The Vienna Meeting was not the first time Africans and African descendants had met to address the globalization of Anti-Black Racism. Pan-African meetings date back as far as 1900 when the first Pan-African Conference was held in London, England. After World War I and through the 1920s, African American scholar and activist W. E. B. Du Bois organized four Pan-African Congresses held in various sites around Europe. In 1945, the fifth Pan-African Congress, which Du Bois participated in but did not organize, was held in Manchester, England. In 1974 and 1996, the sixth and seventh Pan-African Congresses broke with history and were held on the continent of Africa, in Tanzania and Uganda, respectively. In all of these gatherings, issues of racism, colonialism, the legacy of slavery and the slave trade and Black Diaspora unity were addressed:

[the] exploitation of the continent of Africa and African people ... has driven the engine of capitalism from slavery, colonization to present day globalization. It is ... [the] exploitation of the continent of Africa and African peoples that has resulted in the particular form of anti-Black racism that is pernicious and marginalizes Africans and African descendants socially, economically and politically.

Thus, the Vienna Meeting represented a continuation of those discussions, concerns and issues echoed at previous efforts to bring together Africans and people of African descent.
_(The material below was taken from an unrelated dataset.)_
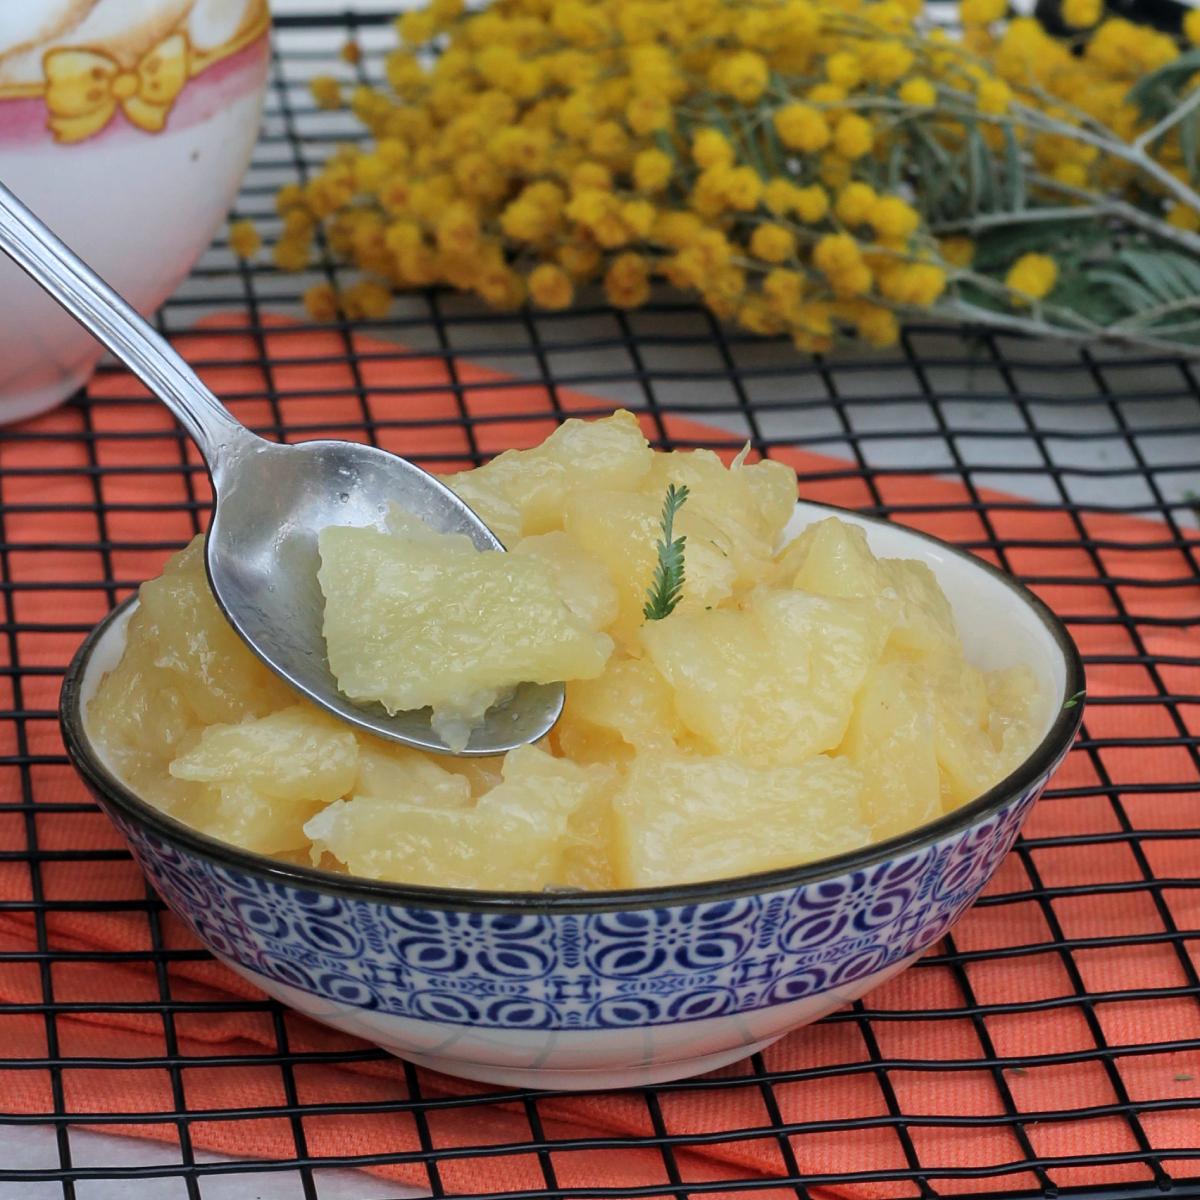 COME FARE ANANAS PER TORTA MIMOSA ricetta base mimosa ananas

The Vienna Meeting was called by the Rev. Ihueghian Victor, of the Association for Human Rights and Democracy in Africa (AHDA) and Chinedu Ene, of the Petadisis Community Organization. The co-chairs of the conference were Amani Olubanjo Buntu and Sithabile Mathe, both of the Afrikan Youth In Norway. The stated purpose of the meeting was to raise important issues and to seek a consensus about these issues in preparation for the WCAR and beyond. The meeting included a number of presentations on issues confronting Africans and African descendants including:

1. transatlantic slave trade and declaring it a crime against humanity;

2. compensation or reparations for victims of the slave trade, colonialism and present injustices related to racism;

3. lack of overall mention of people of African descent in WCAR preparatory declaration and plan of action documents;

4. action to combat racism;

5. legacy of apartheid, colonization and slavery;

6. migrants, asylum seekers and refugees;

7. education and employment;

8. health and health care;

9. youth; and

10. women.

On the second day of the meeting, a coordinating committee was elected to carry the work of the gathering to the Second World Preparatory Conference held in Geneva at the end of May, 2001. The members of this Committee included Vernellia Randall and Mildred Bahati, both from the United States of America, Eleonora Wiedenroth of Germany, Marian Douglas of Macedonia, Cikiah Thomas of Canada, Mutombo Kanyana of Switzerland and Annie Davies of Nigeria. This committee was specifically charged with drafting a Declaration and Program of Action.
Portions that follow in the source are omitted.